** Provided data **
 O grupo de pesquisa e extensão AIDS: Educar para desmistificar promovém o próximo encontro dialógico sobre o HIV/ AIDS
==
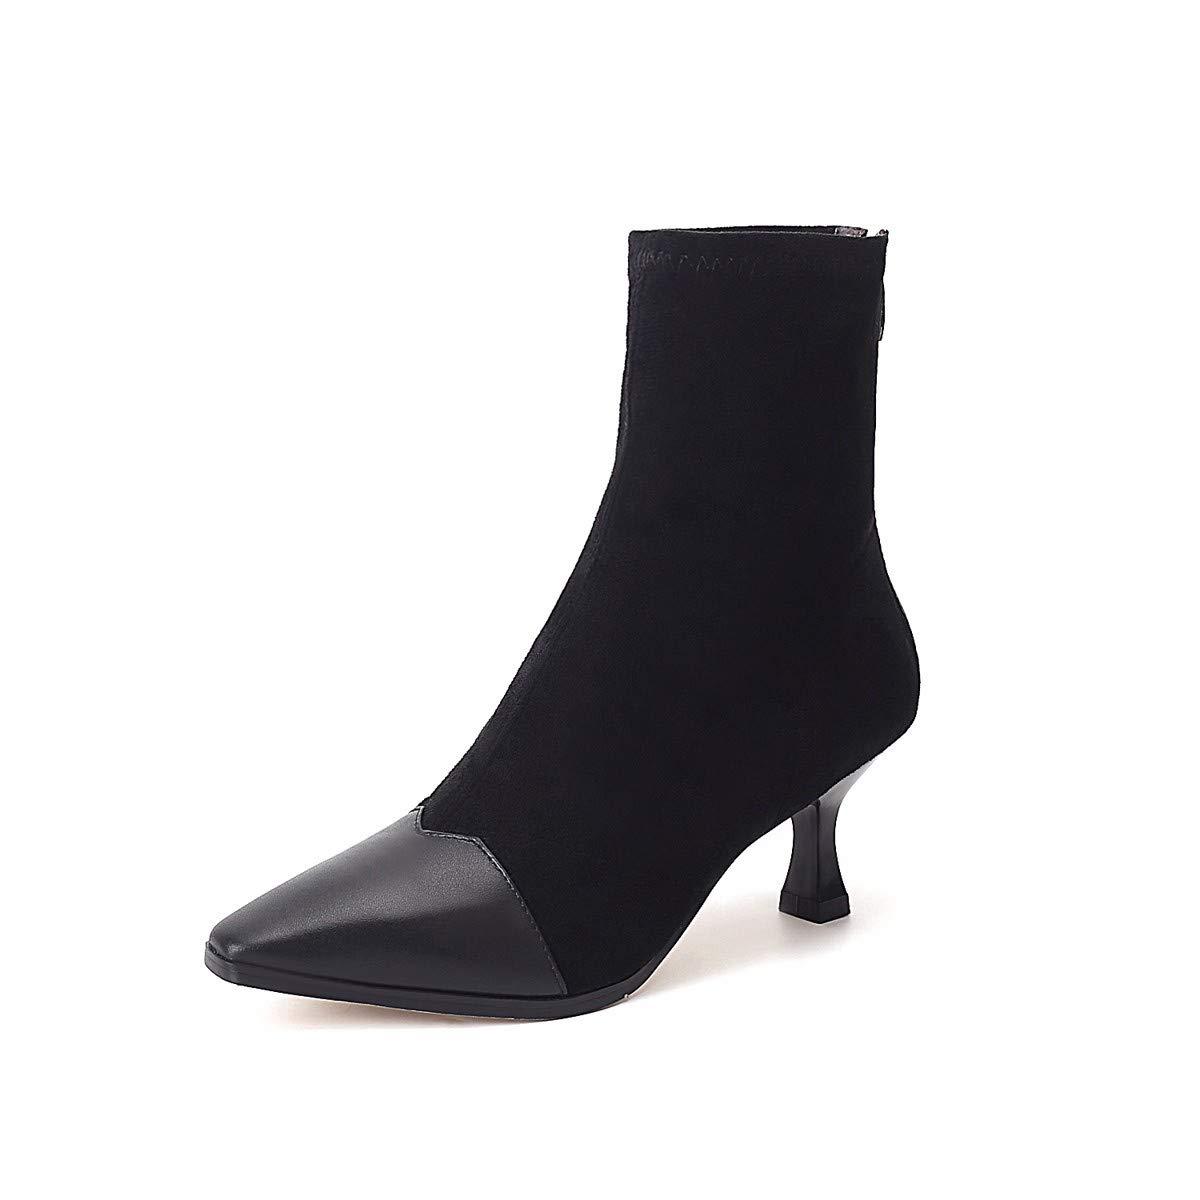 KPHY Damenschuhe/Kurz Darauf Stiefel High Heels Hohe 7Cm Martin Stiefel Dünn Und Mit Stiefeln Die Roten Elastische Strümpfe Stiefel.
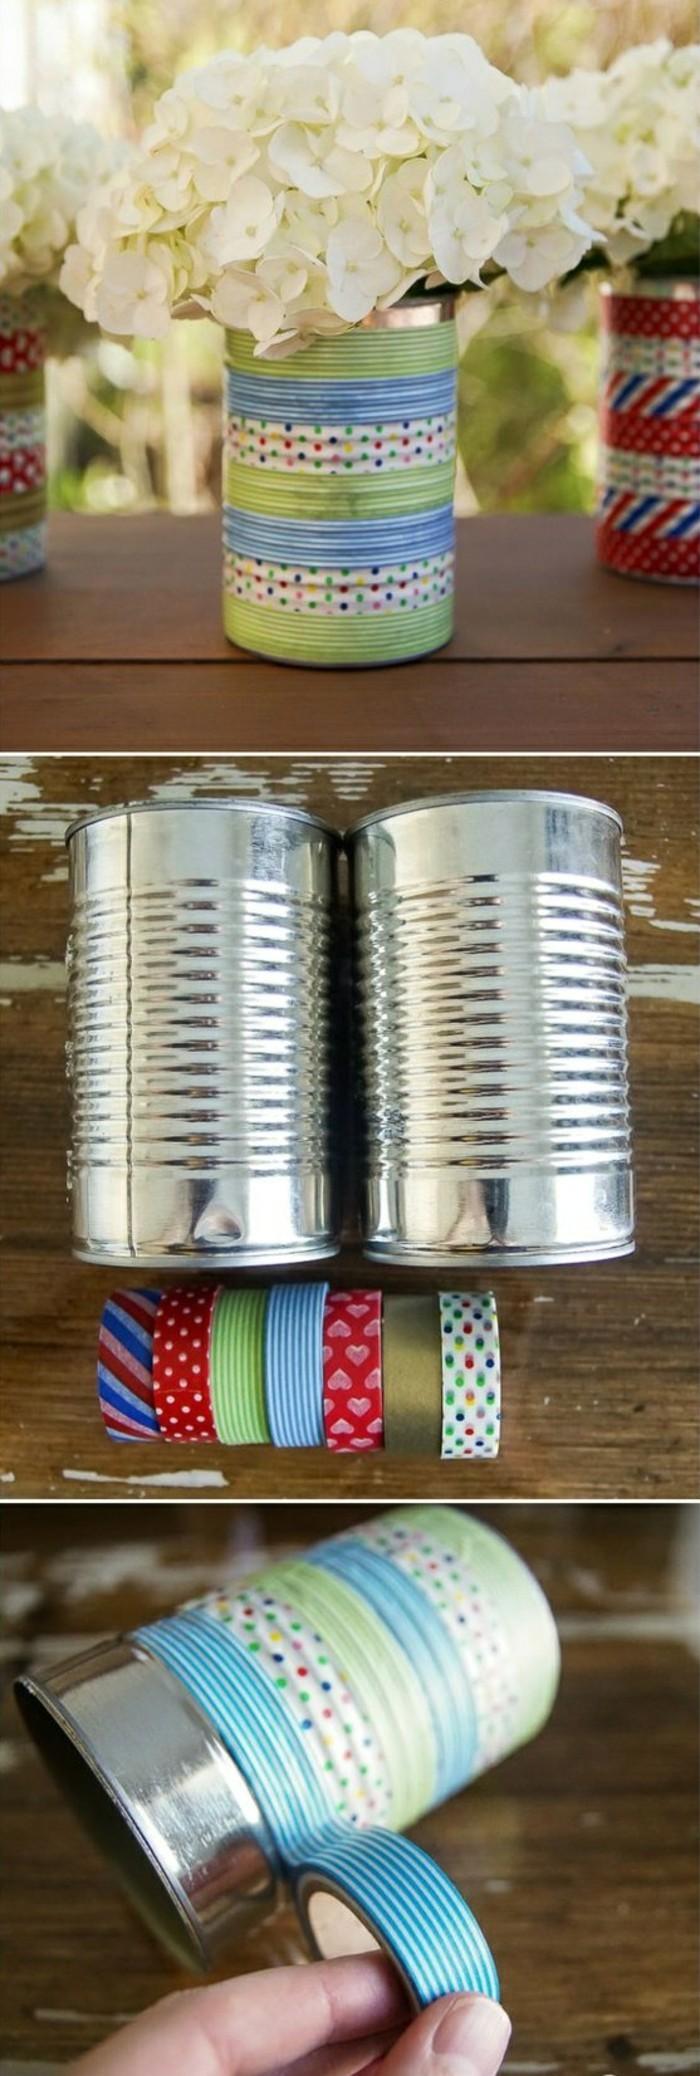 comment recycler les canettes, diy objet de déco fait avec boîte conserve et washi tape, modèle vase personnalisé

** Task prompt **
Starting at the line above that holds "KPHY Damenschuhe/Kurz Darauf", return each line up to and including the one that holds "comment recycler les", exactly as written, minus any pictures.

** Written solution **
 KPHY Damenschuhe/Kurz Darauf Stiefel High Heels Hohe 7Cm Martin Stiefel Dünn Und Mit Stiefeln Die Roten Elastische Strümpfe Stiefel.
 comment recycler les canettes, diy objet de déco fait avec boîte conserve et washi tape, modèle vase personnalisé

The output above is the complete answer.